What’s more, Bed Bath & Beyond has rotated through various executives and turnaround strategies in recent years.
Former Target executive Mark Tritton took the helm in 2019 with investor support and a bold new strategy. He withdrew coupons and merchandise from national brands in favor of Bed Bath & Beyond’s own private-label brands.
But the change alienated customers who had been loyal to big brands. The company fell behind on paying vendors, and stores didn’t have enough products to stock shelves. Tritton will step down as CEO in 2022.
Fight to avoid bankruptcy
Bed Bath & Beyond (It has been teetering on the brink of bankruptcy for months. )
In February, it managed to stave off bankruptcy by completing a complex stock offering that provided both immediate cash and a promise of more financing to pay down its debt in the future. The offering is backed by private equity group Hudson’s Bay Capital.
But Bed Bath & Beyond said last month terminated the contract He turned to the public market in a fundraising effort with Hudson’s Bay Capital for future financing.
The company is also shrinking to save money. Earlier this year it said it would closer Around 400 locations, but will keep profitable stores open in key markets.
And the company tried to save money Severance not paid For some of the laid-off workers in the process of closing down shops.
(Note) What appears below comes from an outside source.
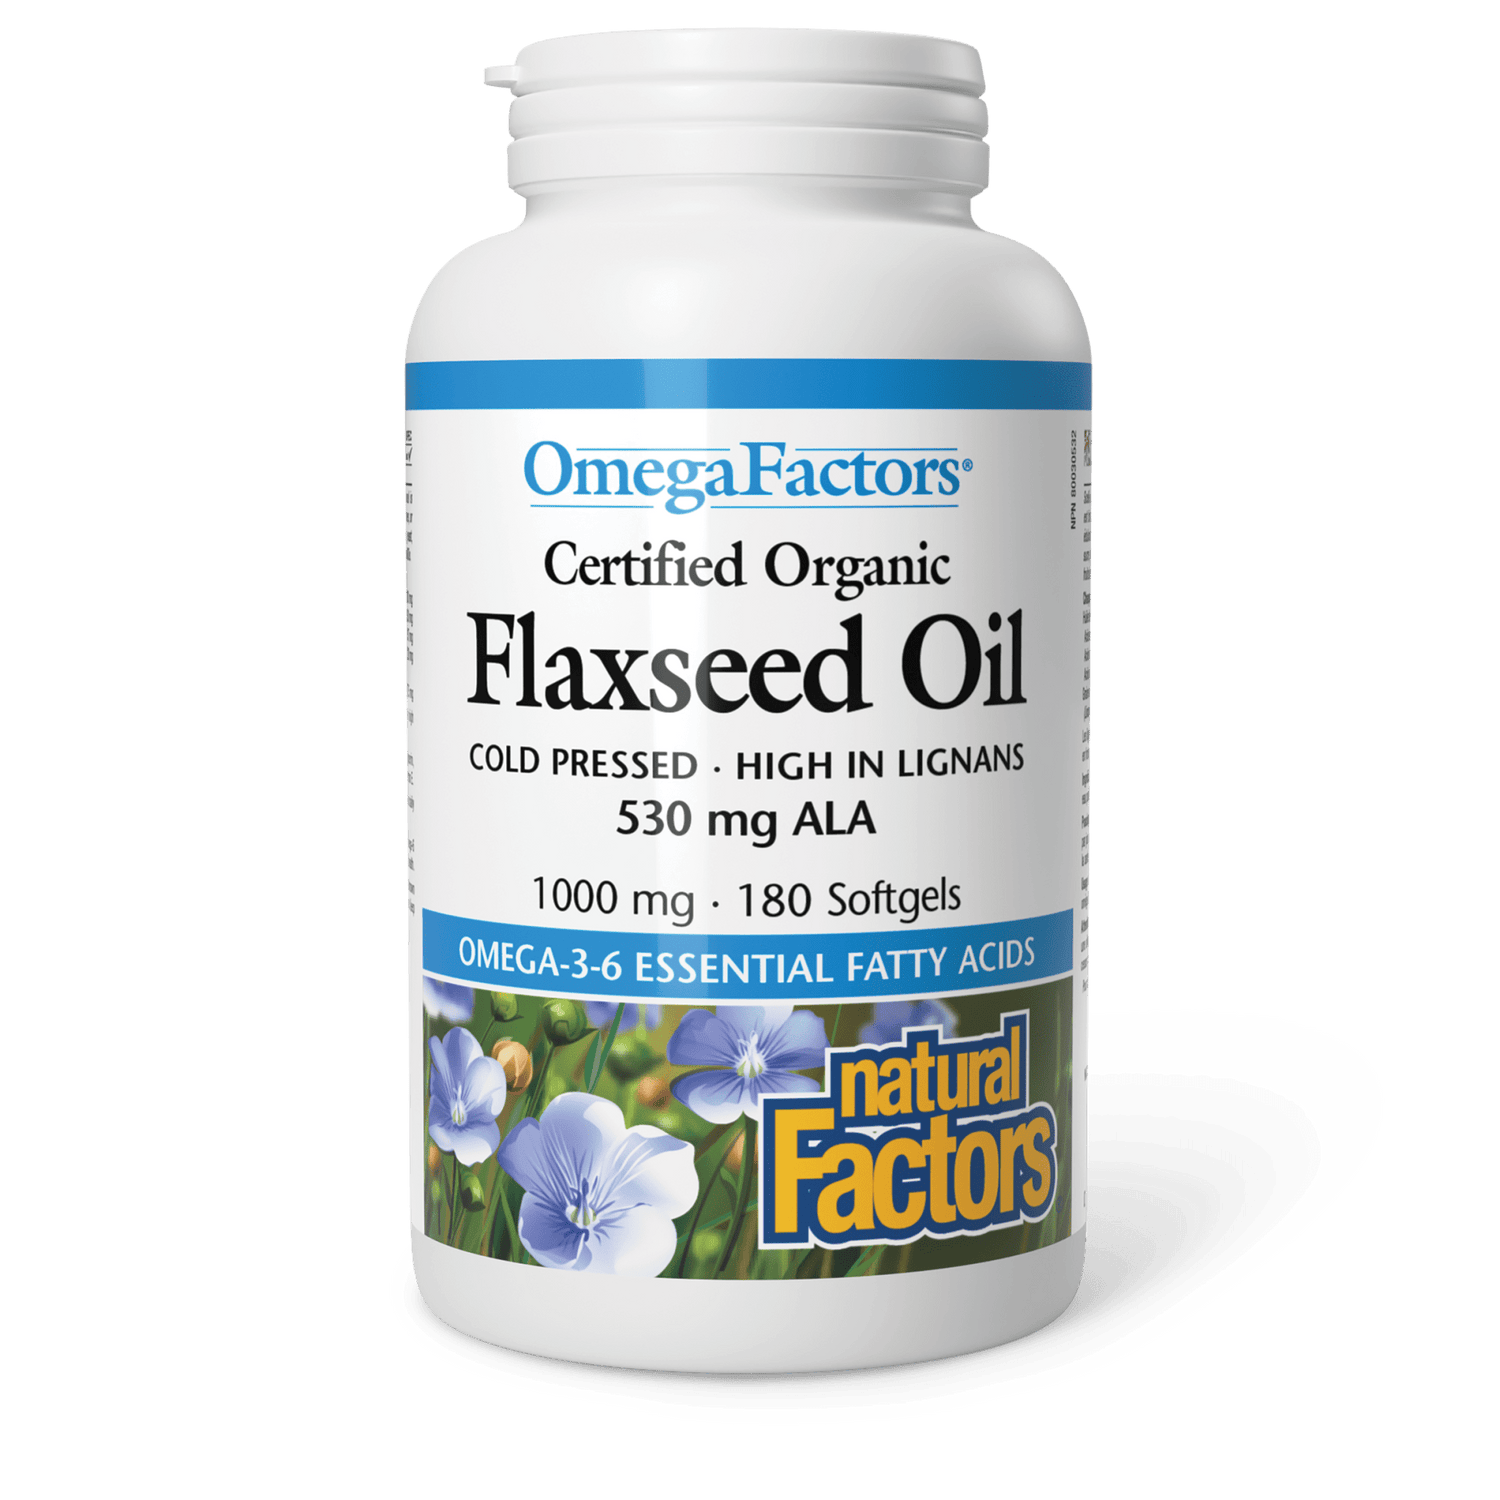 Flaxseed Oil Certified Organic 1000 mg, OmegaFactors, Natural Factors|v|image|2211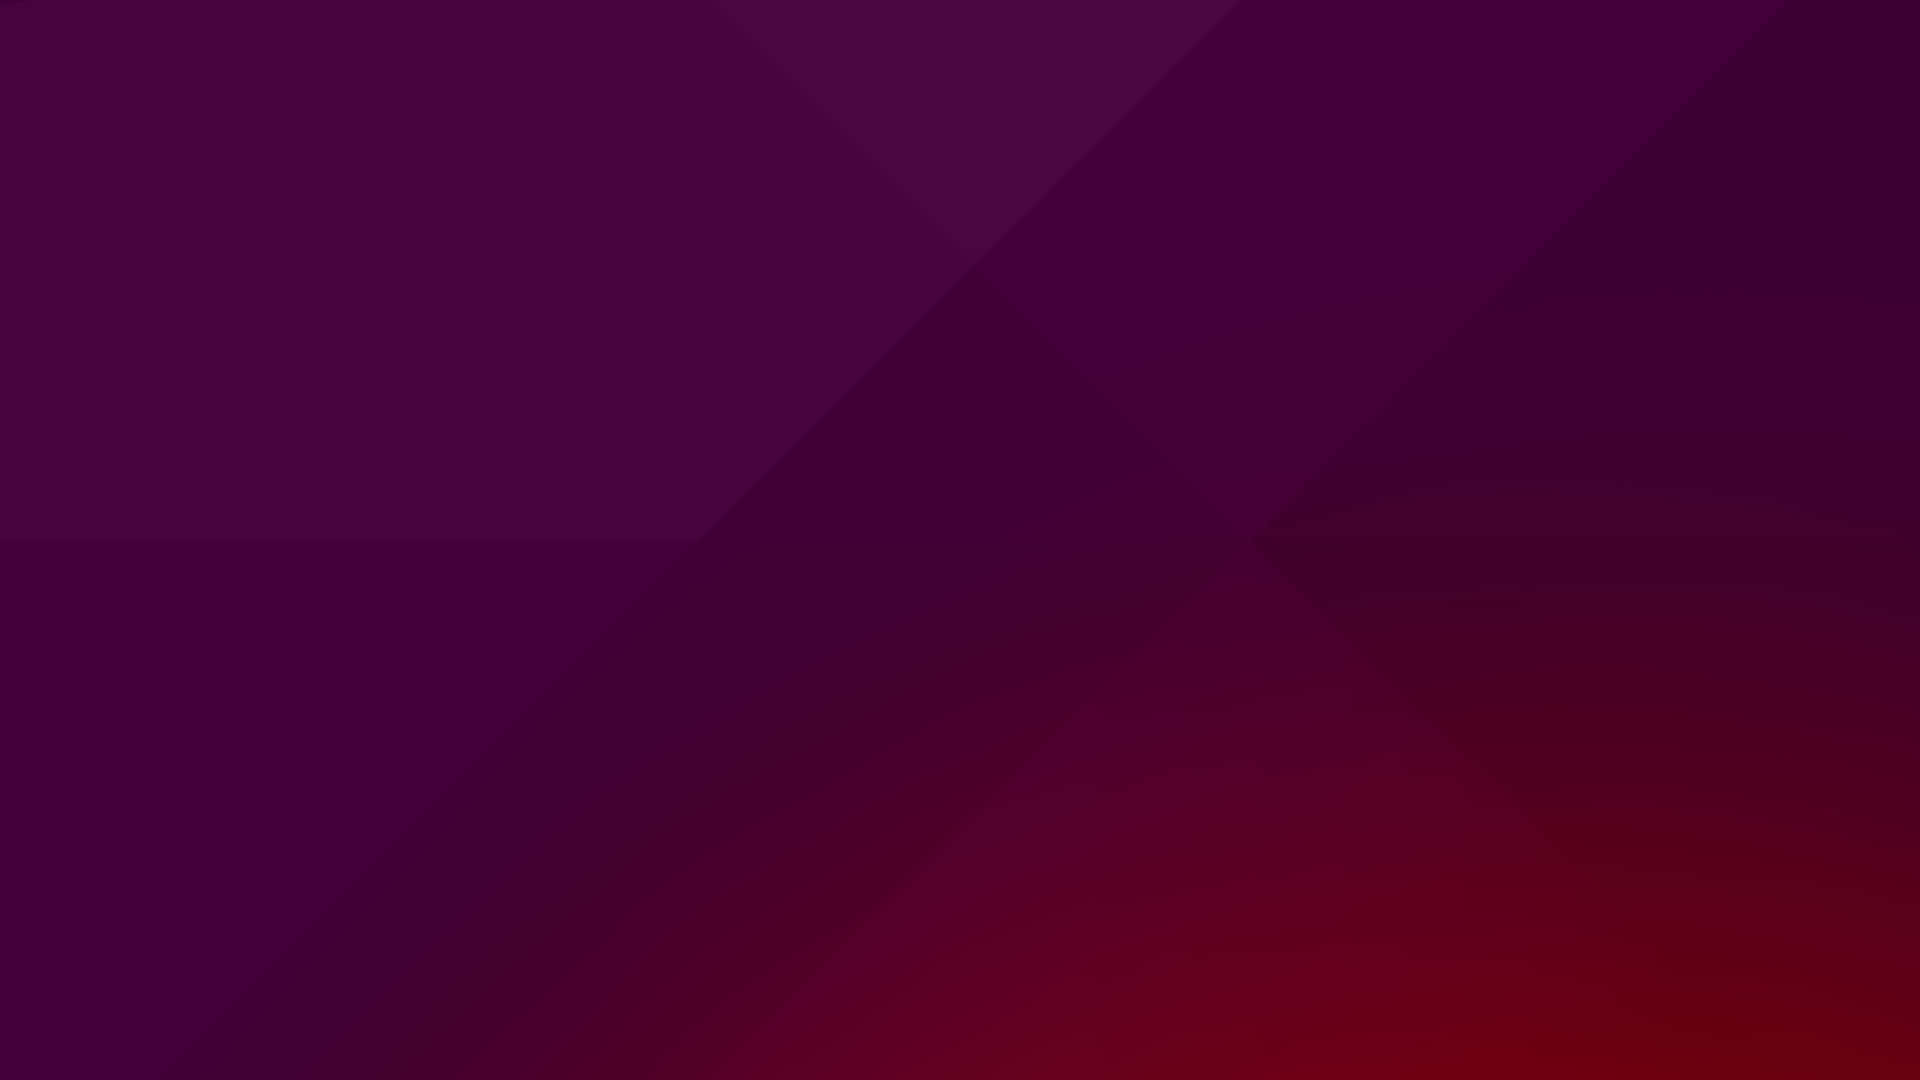 Enjoy the vivid colors of Ubuntu 4K Wallpaper

Bed Bath & Beyond laid off 1,295 workers in New Jersey this month, days before a new state law kicks in that will give workers who lose their jobs severance pay — the equivalent of one week’s pay each year.
However, all these moves were not enough to keep the once-dominant chain out of bankruptcy.
And Bed Bath & Beyond is the latest retail chain to file for bankruptcy this year. Bankruptcies are piling up in the retail industry as interest rates rise and discretionary spending declines.
David Bridal, Party City, Tuesday morning, mattress manufacturer Serta Simmons and pet store retailer Independent Pet Partners have all filed for bankruptcy in recent weeks.